Growth Curve of Virus

MDCK-M2 cells were plated in a 24-well plate, and after the cells had grown to a monolayer, the M-defective influenza virus strain was inoculated in triplicates into the cells at a multiplicity of infection (MOI) of 0.001. After 2 h of infection, a liquid in the 24-well plate was discarded, the cells were washed with PBS, and then DMEM medium containing 2% FBS was added to maintain cell growth, and the cells were cultured in an incubator at 37° C. and 5% CO₂. Viruses were harvested at 12 h. 24 h. 36 h. 48 h. 60 h. and 72 h after infection, respectively. The harvested virus liquids at different time points were subjected to serial tenfold dilution, with each dilution repeated 4 times, and inoculated into monolayer MDCK-M2 cells in a 96-well plate. After 2 h of infection, the medium was replaced with 2% FBS in DMEM to maintain cell growth. After 48 h. the cytopathic changes were observed, a virulence of the defective influenza strain was collected, and TCID₅₀ was calculated by a Reed-Muench method. After the data analysis was completed, a growth curve of the M-defective influenza virus was plotted, and the results were shown in FIG. 1.

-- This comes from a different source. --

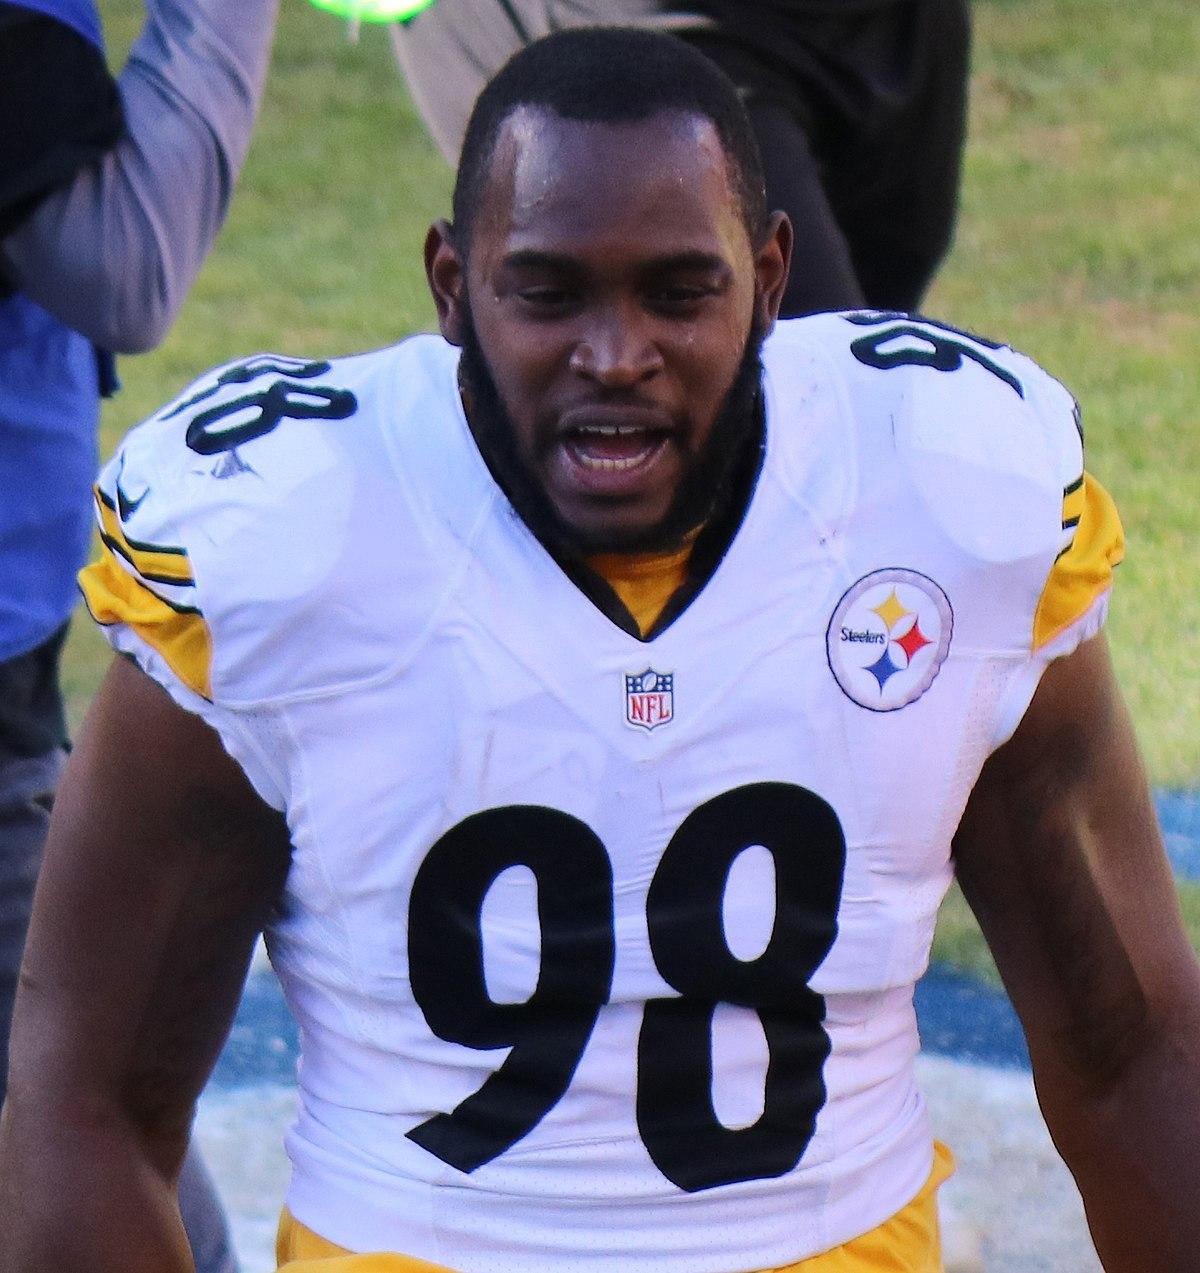 Nicholas Williams Steelers
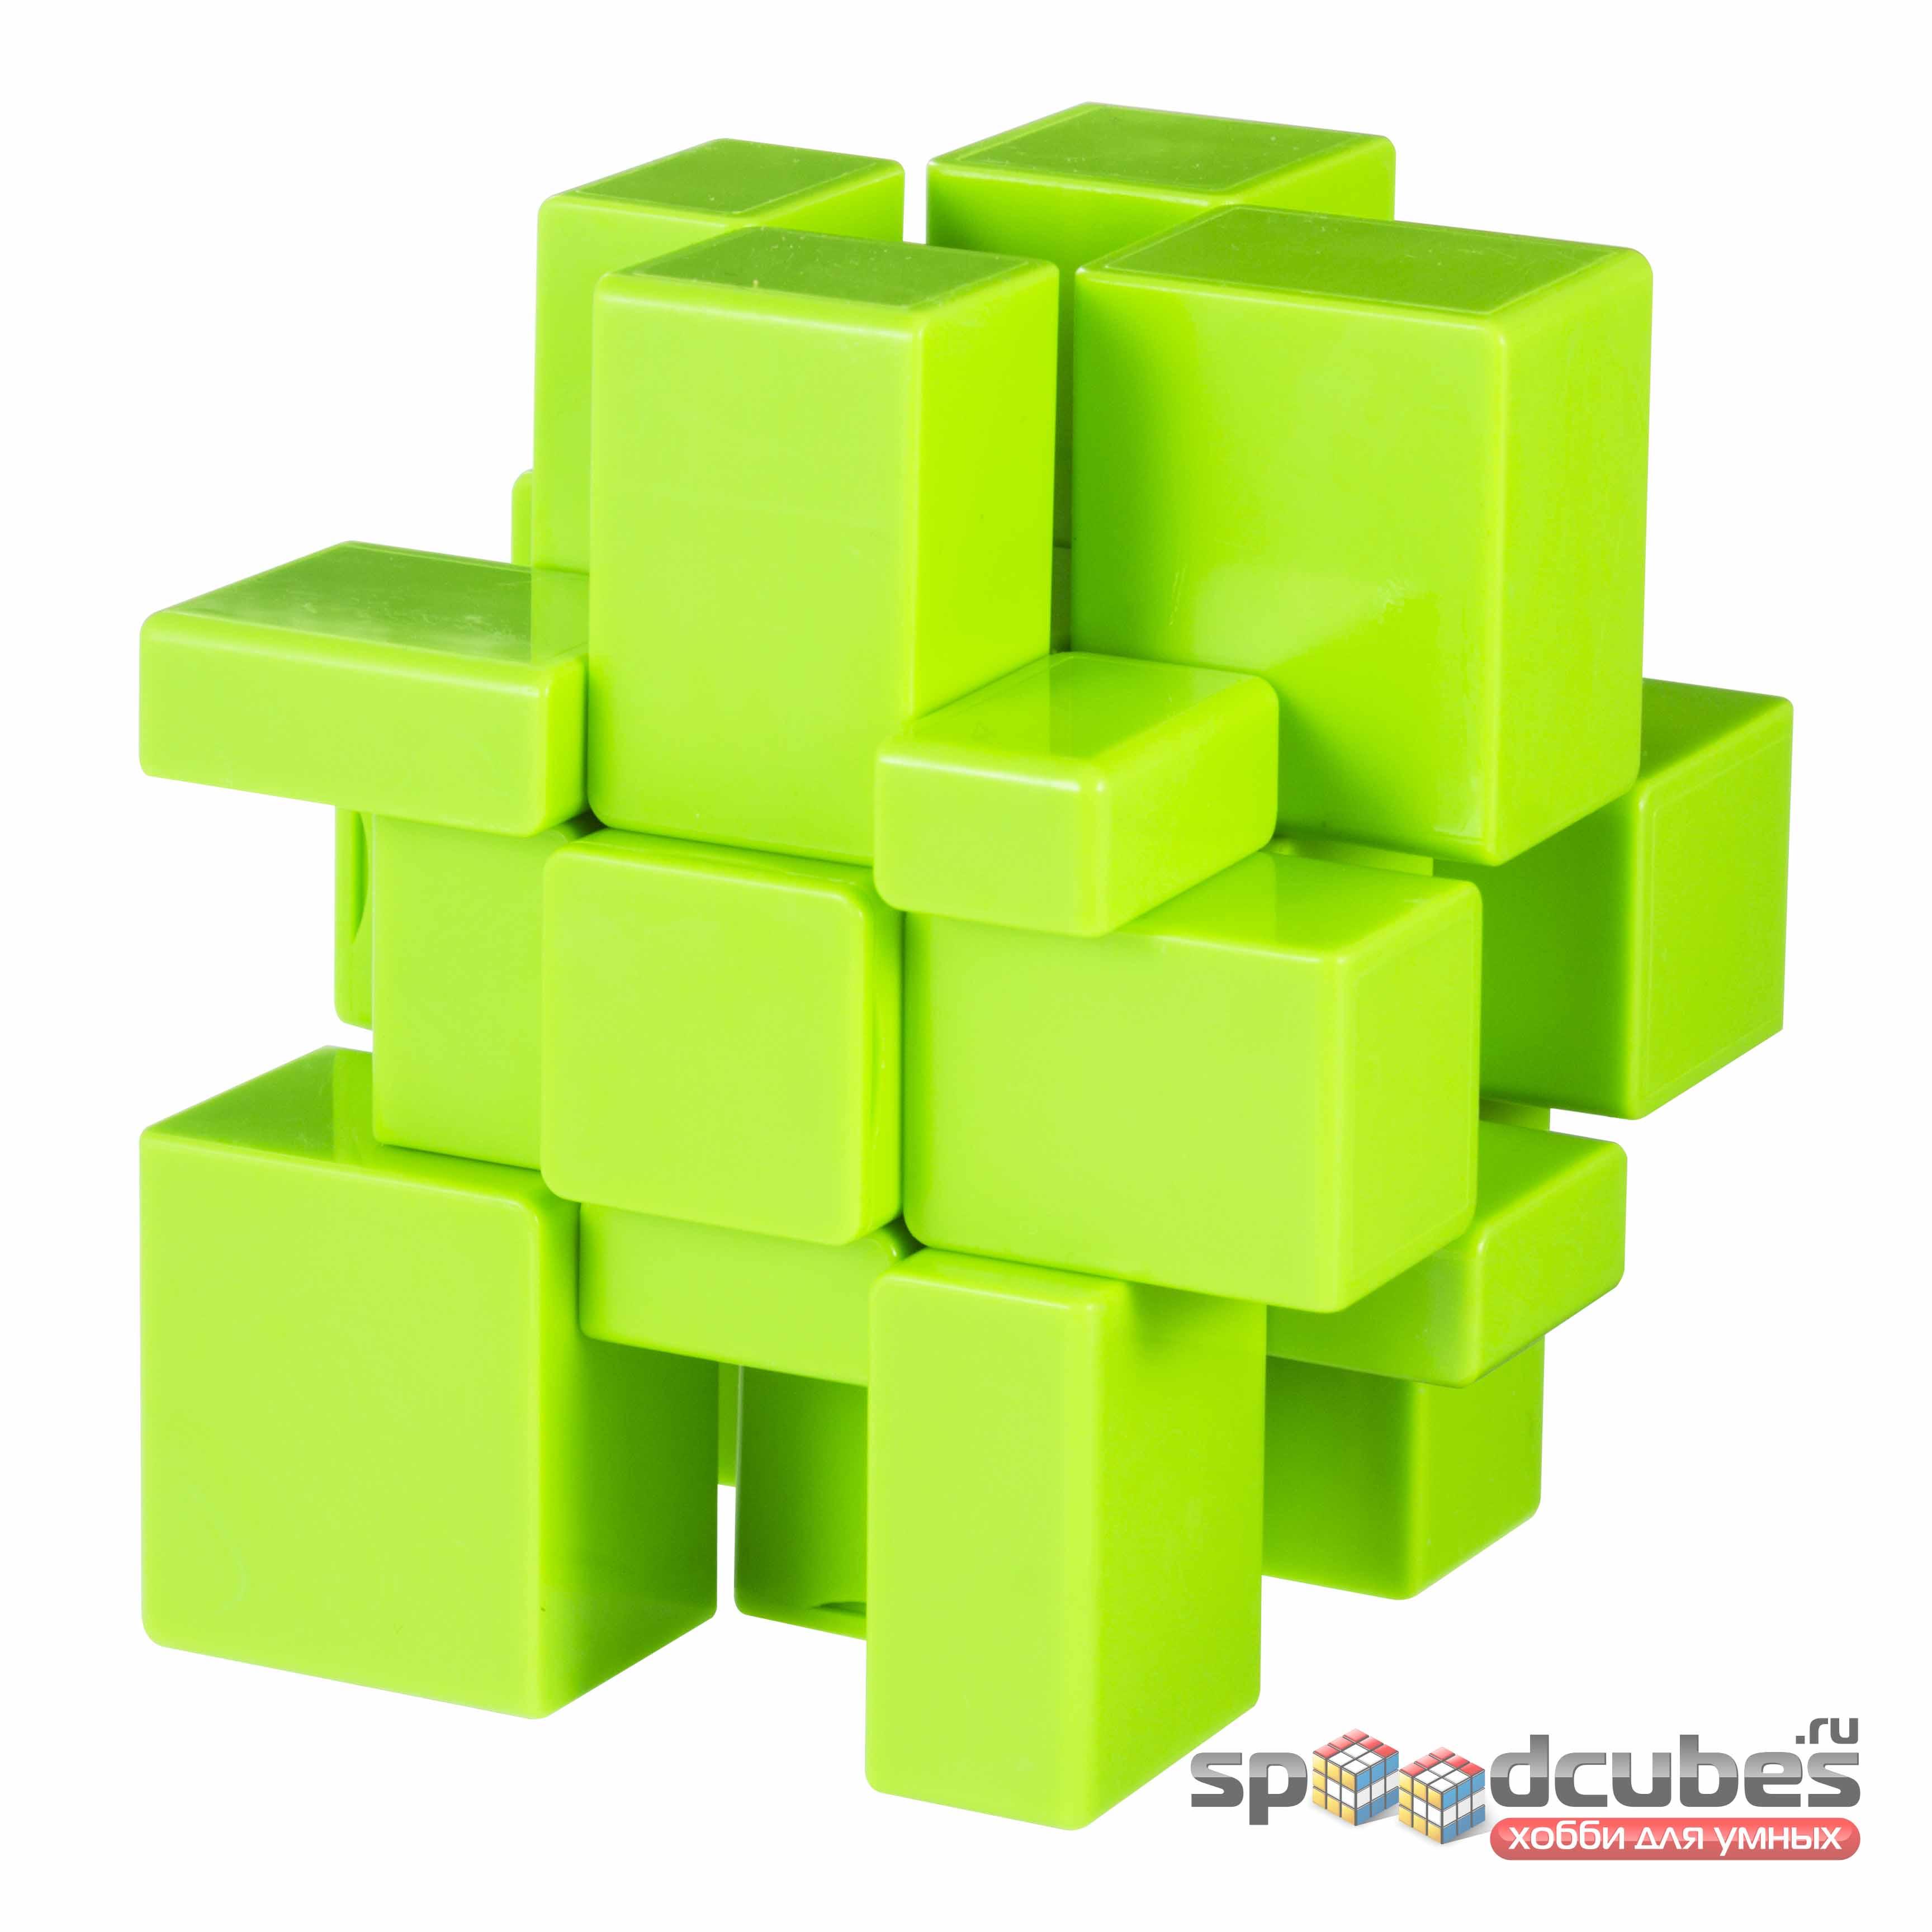 QiYi MoFangGe 3x3 Green Mirror Cube 3

All attenuated viruses had reduced growth ability compared to wild-type PR8 virus. 24 h after infection, the titers of each type of attenuated viruses were about 105 TCID₅₀/ml. However, the viruses then multiplied in large numbers. At 48 h after infection, the attenuated virus had a titer of around 10⁷ TCID₅₀/ml. It was seen that all the attenuated virus strains produced by the present disclosure could grow at high titer in the MDCK-M2 cells, thus meeting the normal production requirements.

Example 4

M-Defective Influenza Virus can Grow in Normal MDCK

250, 1,000, 4,000, 16,000, 64,000, 256,000, 1,024,000, and 4,096,000 TCID₅₀ M-defective influenza viruses were inoculated into MDCK cells in a 48-well plate, and the cytopathic changes were observed and an HA titer of the cell culture medium was detected. The results are shown in FIG. 2. It was seen from the results that the M-defective influenza virus of the present disclosure could not proliferate when inoculated at low dosages into MDCK cells, but could grow and reproduce in the MDCK cells when inoculated at high dosages. This reflected the ability of the attenuated virus to proliferate in a restricted manner. The strain was advantageous for inducing better protection than that of single replication defective viruses.

Example 5

M-Defective Influenza Virus can Grow in Chicken Embryos

The M-defective influenza virus stocks were inoculated into 8 to 10-day-old SPF chicken embryos, at 100 μL/embryo, and three chicken embryos were inoculated with each strain of the virus. After 72 h, an allantoic fluid was harvested to detect the HA titer of the virus. Results are shown in Table 2.

TABLE 2
HA titer of chick embryo culture of M-defective influenza virus

Attenuated virus strain	Survival state	HA

PR8-M (sn) + Mut6 + Del8	Live, live, live	9	9	8
PR8-M (sn) + Mut6 + Del28	Live, live, live	8	8	9.5
PR8-M (sn) + Mut6 + Del51	Live, live, live	7	5	6
PR8-M (sn) + Mut6 + Del73	Live, live, live	9	8.5	8
PR8-M (sn) + Mut6 + Del111	Live, live, live	8	8.5	9

It was seen from Table 2 that all M-defective influenza viruses could grow and reproduce in large quantities in chicken embryos, a highest titer of HA could reach more than 29.5, and averagely most strains could reach 28.5. In addition to higher production capacity, the culture of chicken embryos had simpler requirements for equipment and workshops than those for cell culture, which provides a great convenience for the production of defective influenza viruses.

Example 6

Passage Trial

The virus was continuously passaged for 10 generations in an MDCK-M2 cell line, and a stability of the M gene of the virus was detected by sequencing. After the detection, the M genes of all attenuated viruses remained unchanged relative to those before passage. It was seen that the attenuated influenza virus of the present disclosure had stable inheritance at the gene level.

Example 7

Experiments with M-Defective Influenza Virus on Mice

Female Balb/c mice aged 7 to 8 weeks were inoculated intranasally with the M-defective influenza virus and a wild-type PR8 strain, while the mice in a control group were given PBS, with 5 to 8 mice in each group. Body weight changes and infection symptoms of mice were recorded daily after inoculation (FIG. 3). 3 d after the inoculation, 3 mice in each group of PR8-M(sn)+Mut6+Del8, PR8-M(sn)+Mut6+Del51, and PR8-M(sn)+Mut6+Del73 were euthanized.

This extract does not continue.